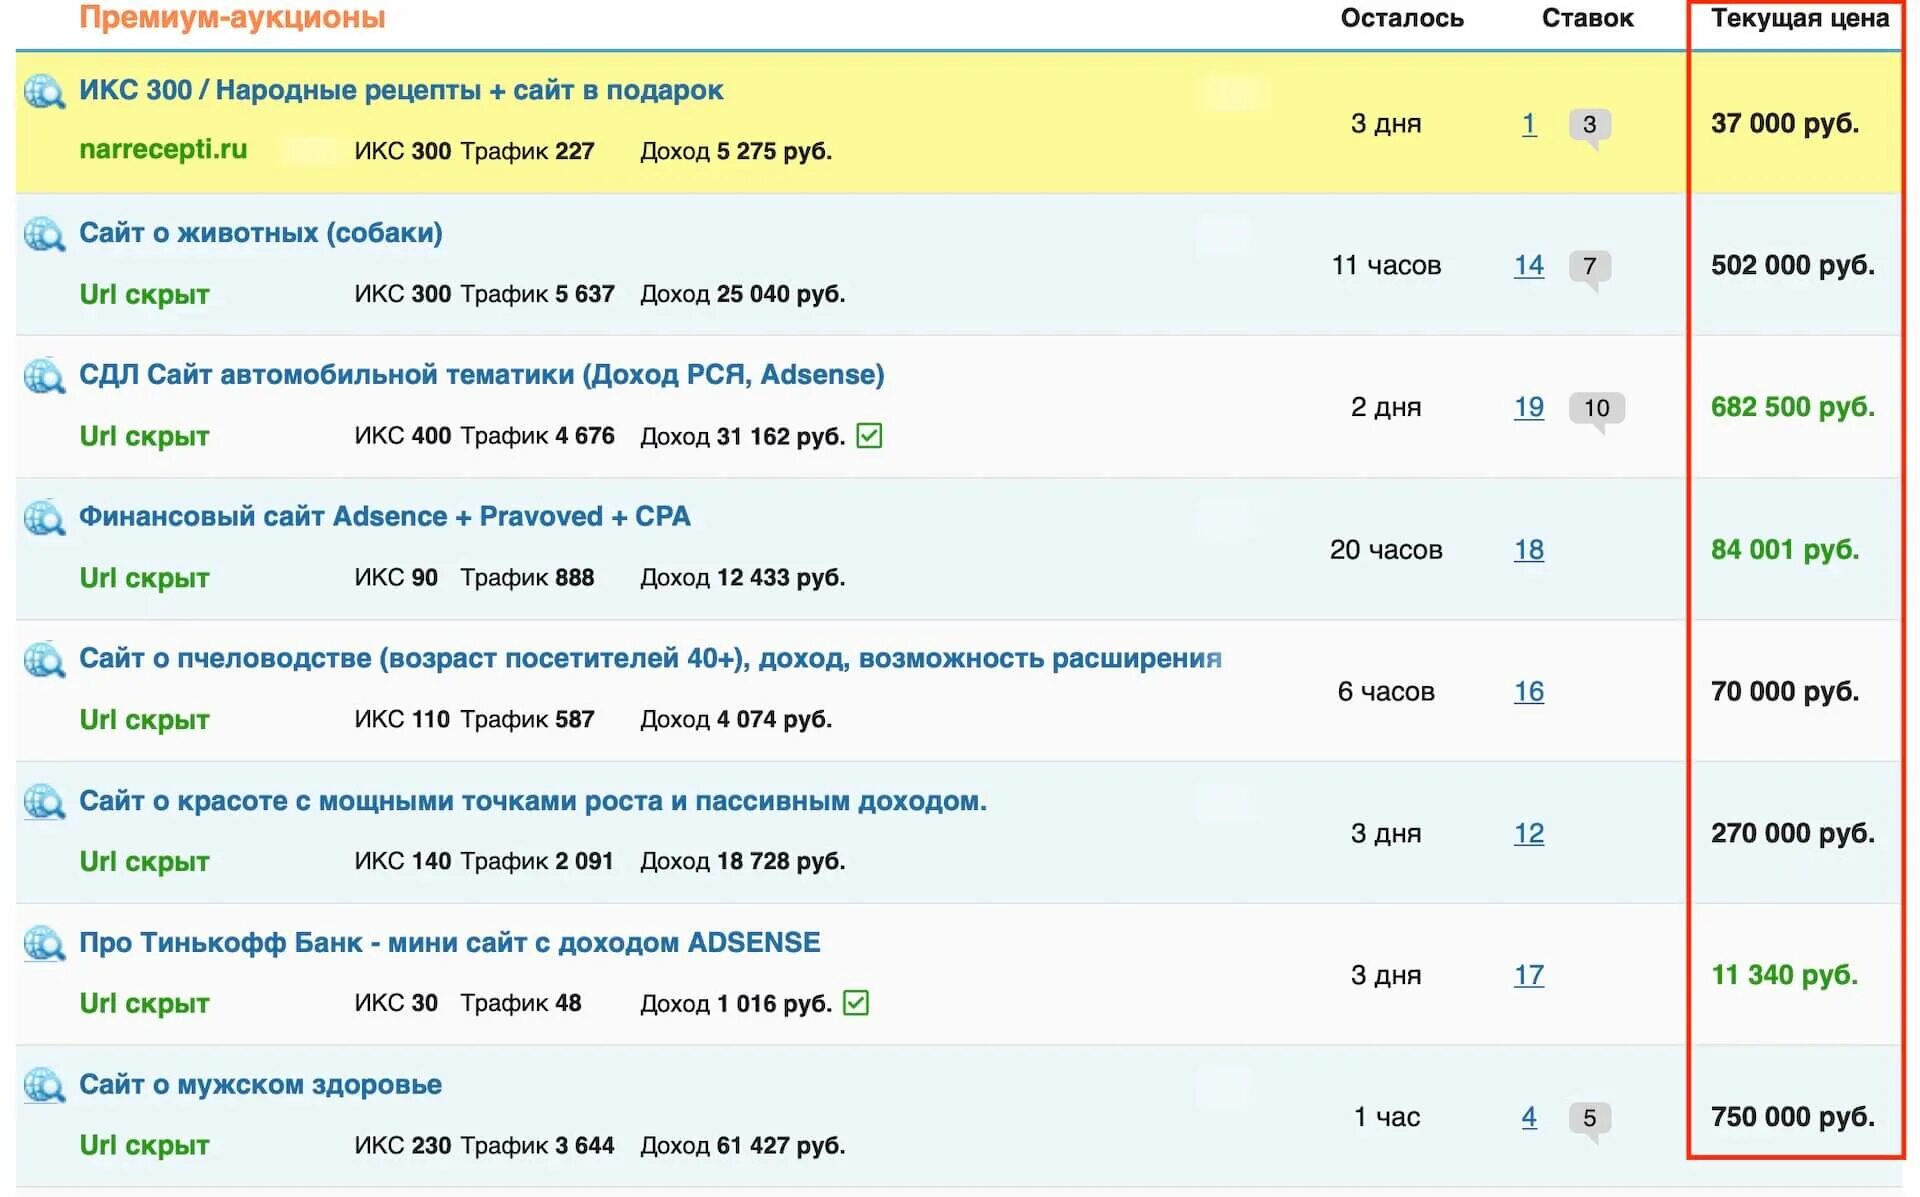 Список сайтов + биржи. Просмотр сайтов за рубли
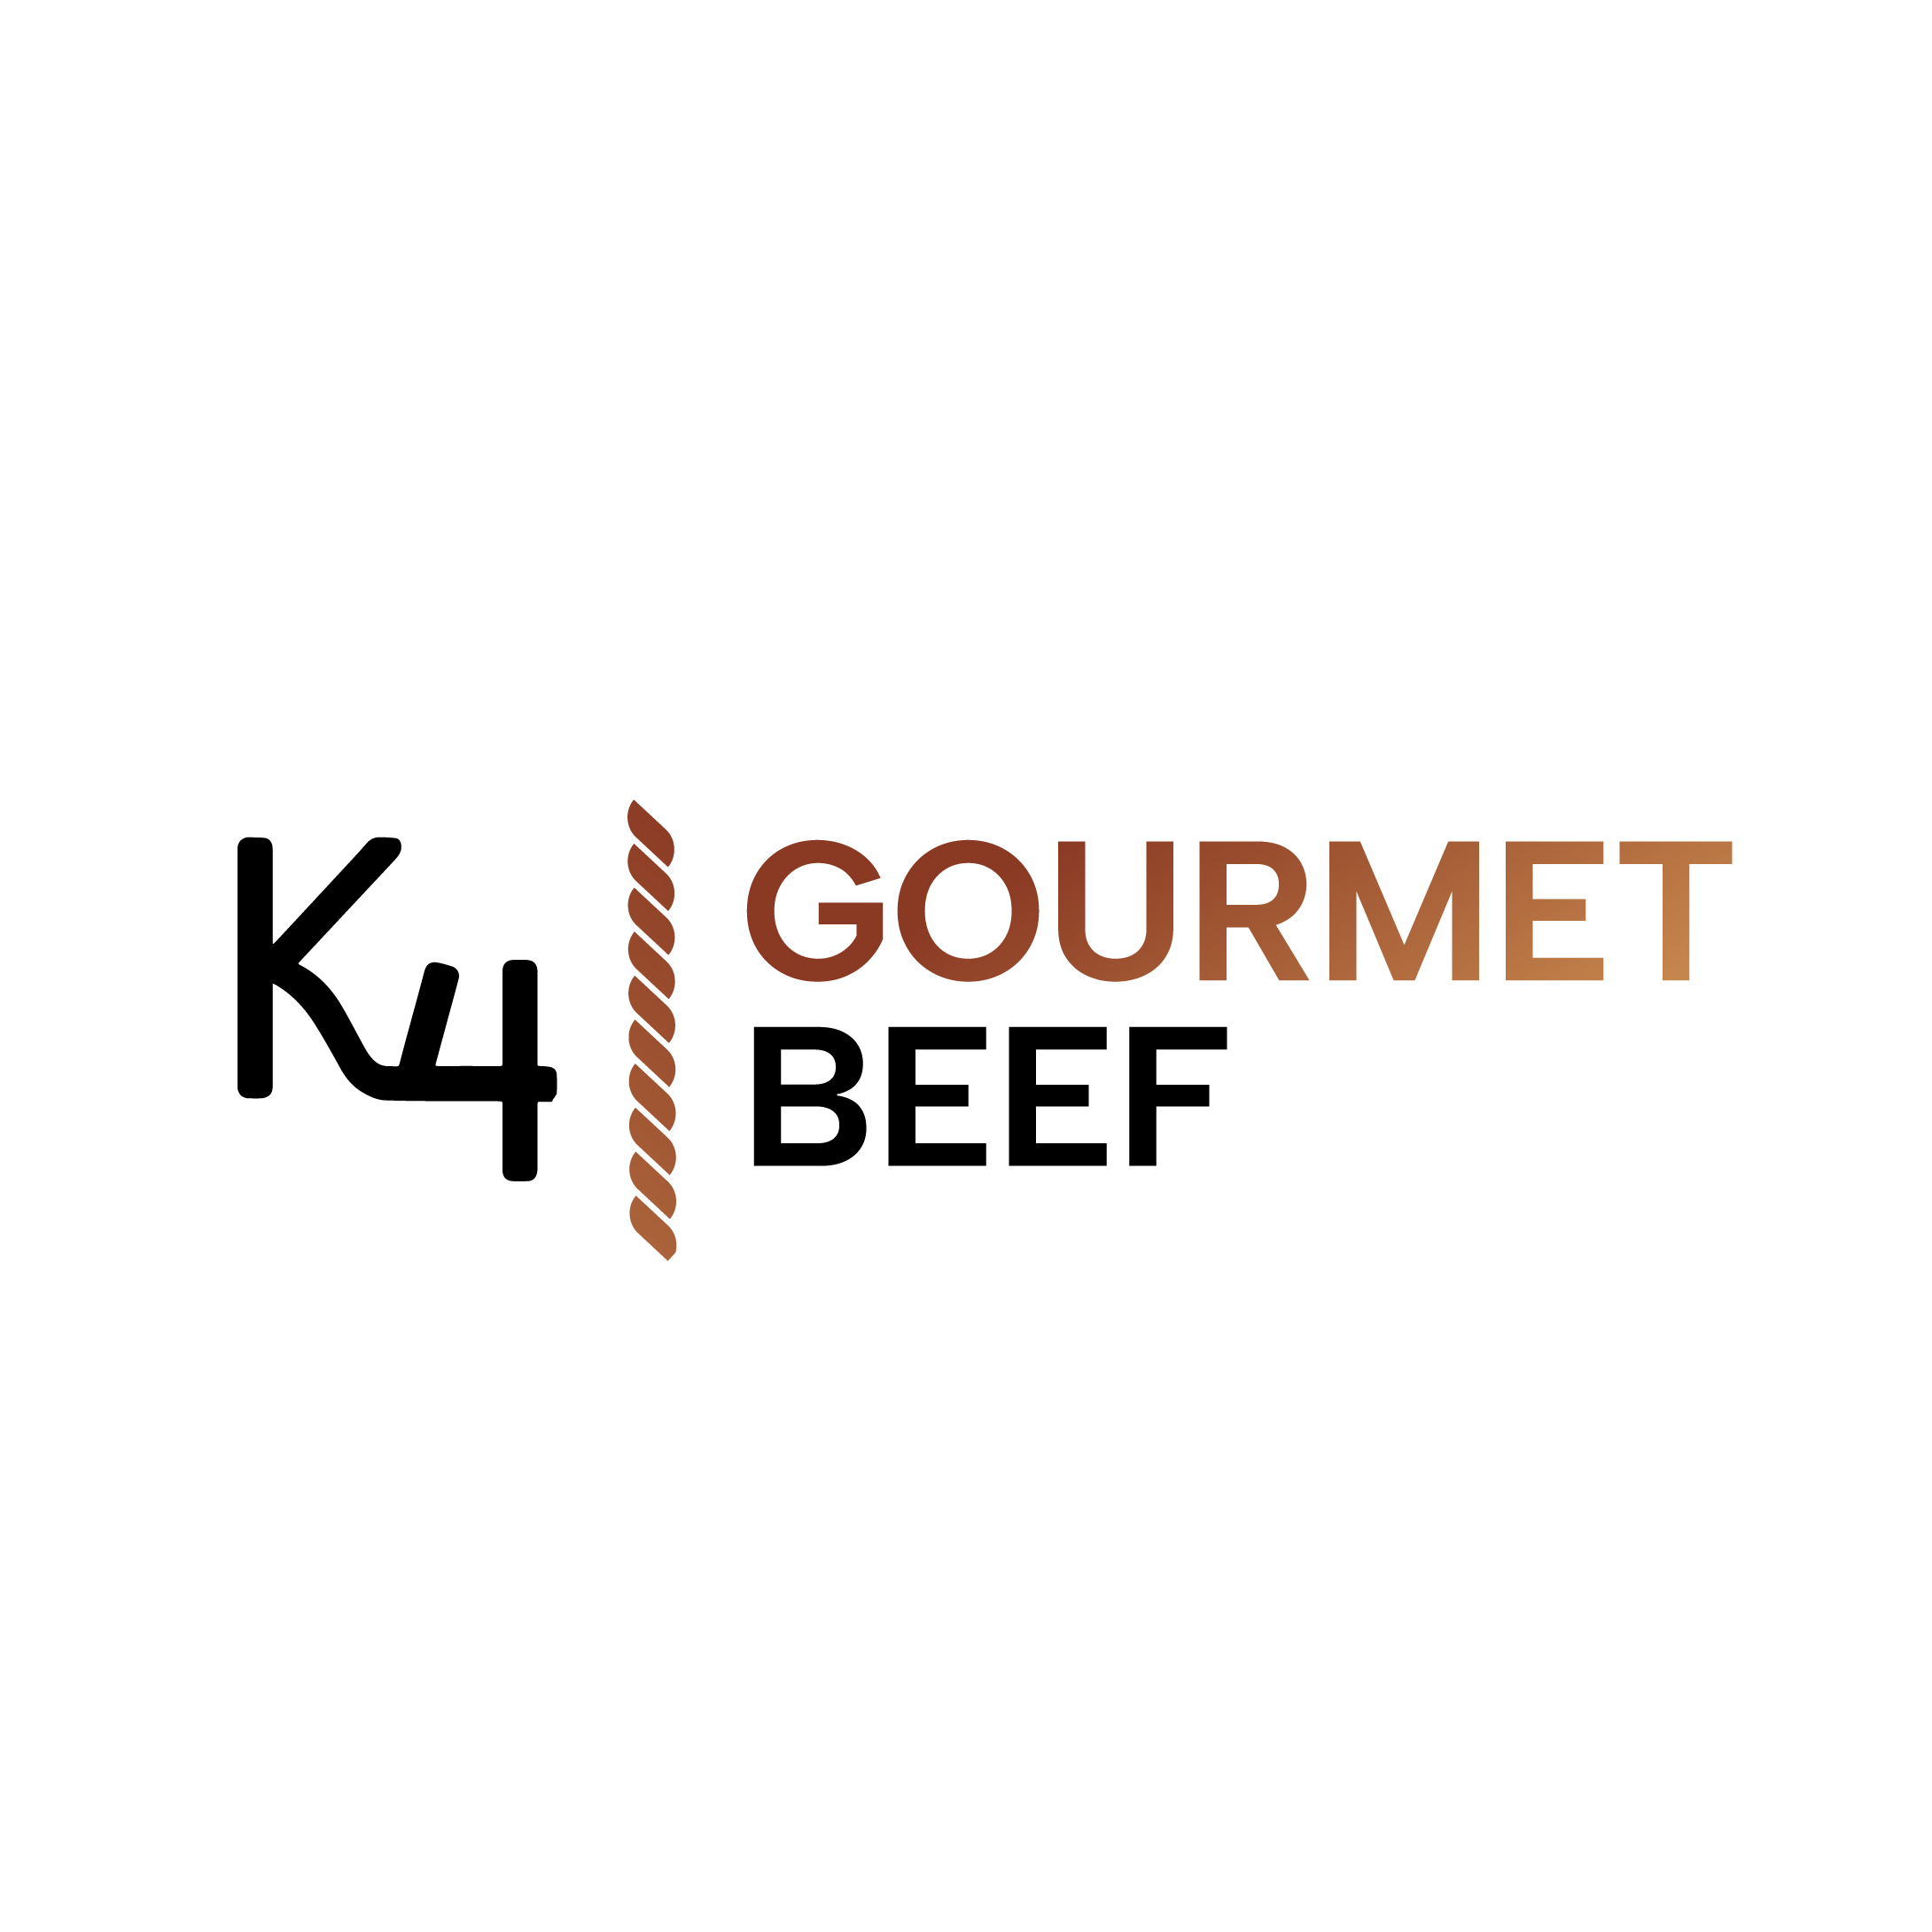 K4 Gourmet Beef
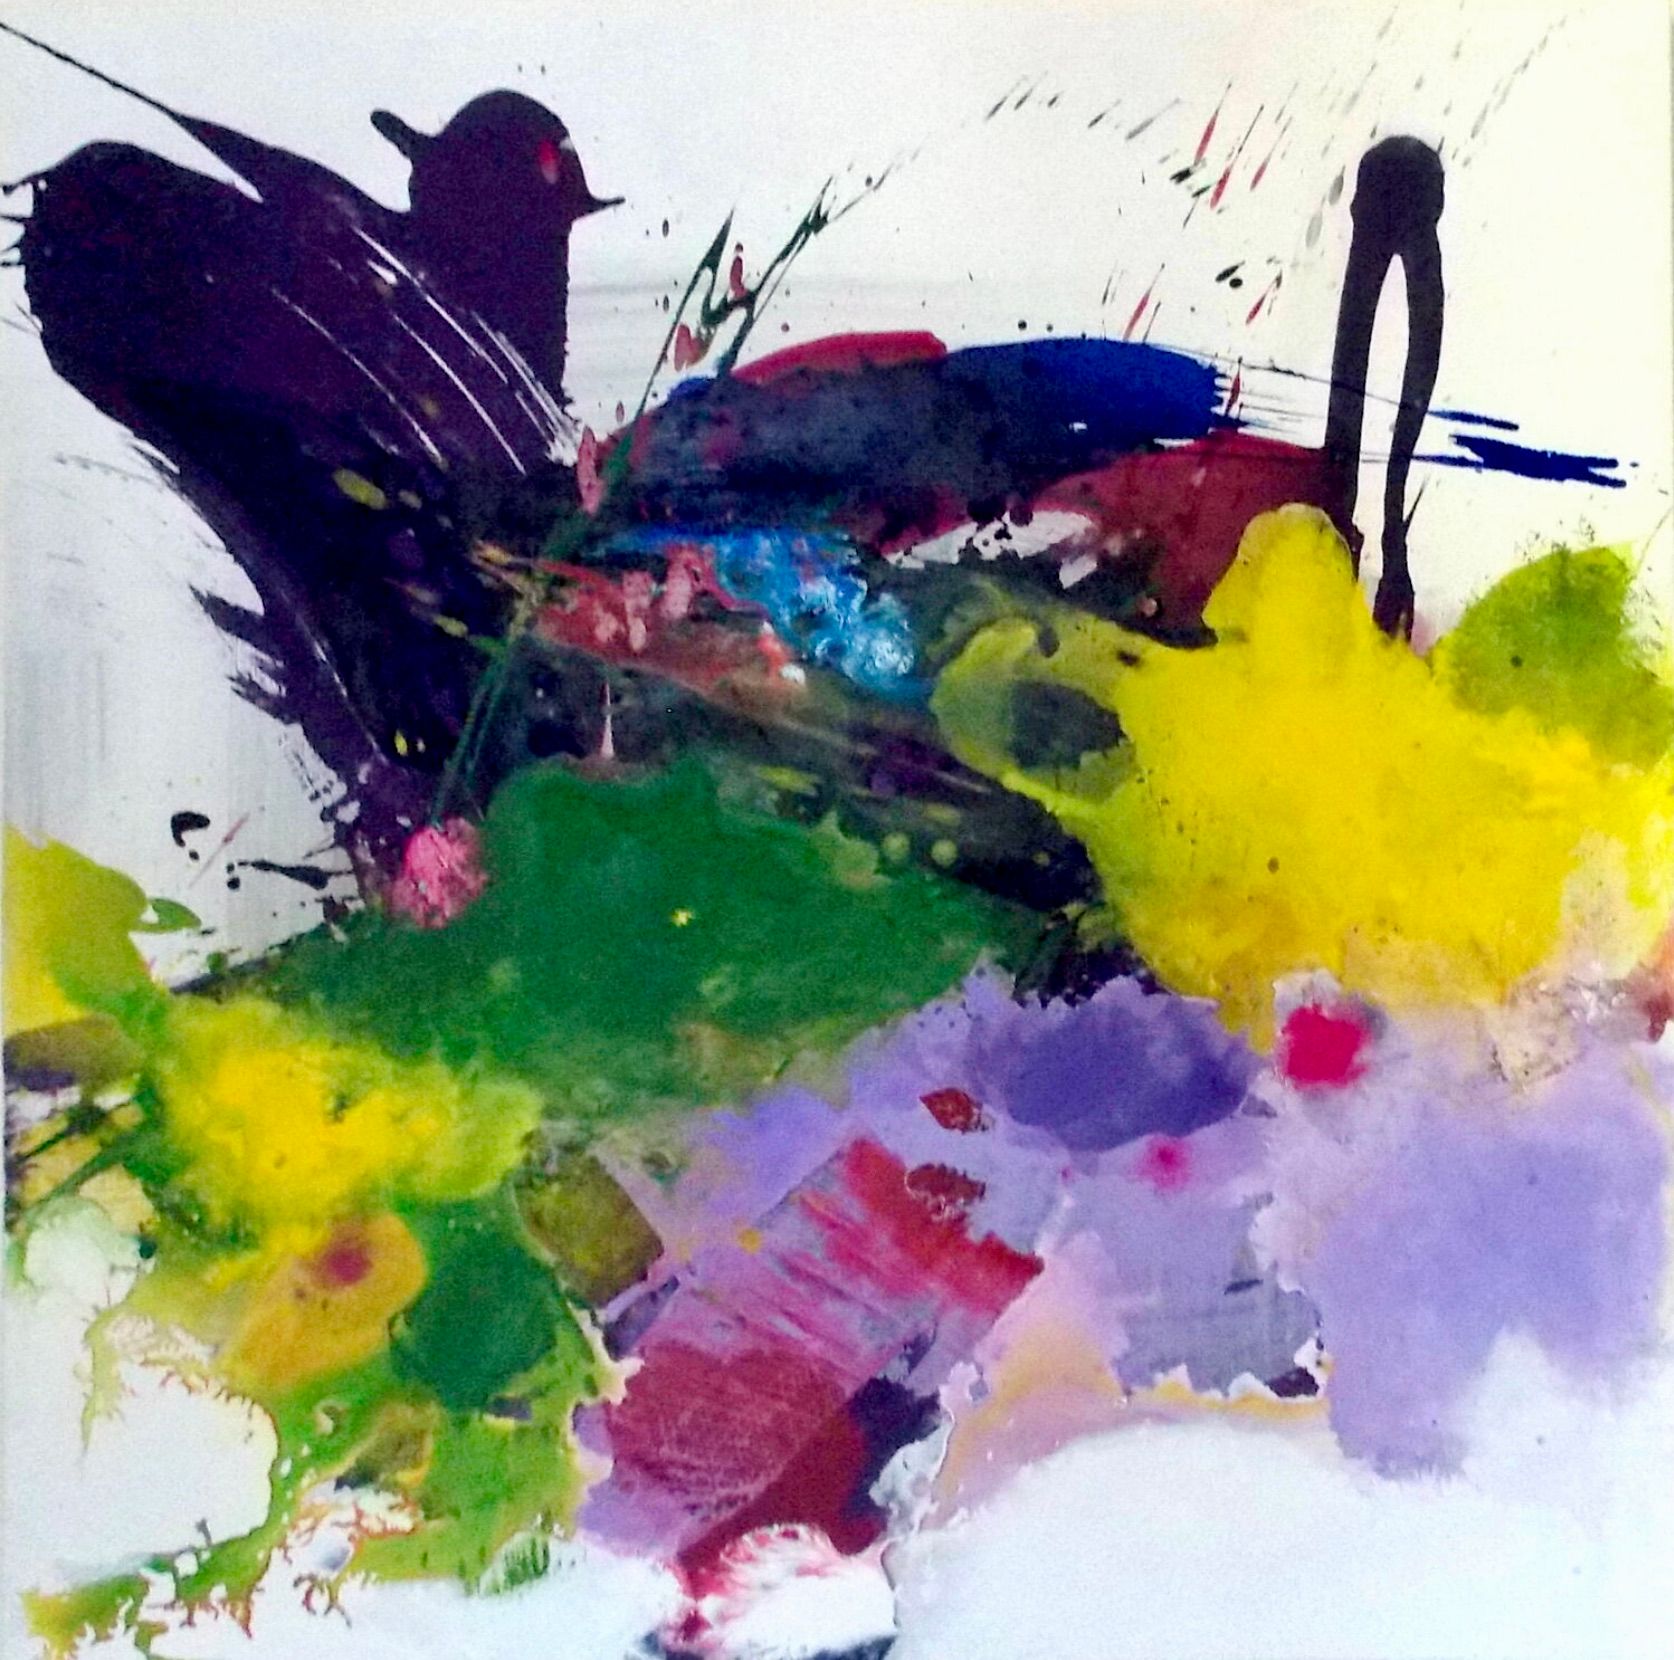 Dans la peinture "Farbenrausch" de Christa Haack, expressionniste, abstraite et colorée, les couleurs dominent.

..........

**The problem:** Reproduce the listing word for word. Do not carry over the pictures.

**Answer to the exercise:**
 Список сайтов + биржи. Просмотр сайтов за рубли
 K4 Gourmet Beef
 Dans la peinture "Farbenrausch" de Christa Haack, expressionniste, abstraite et colorée, les couleurs dominent.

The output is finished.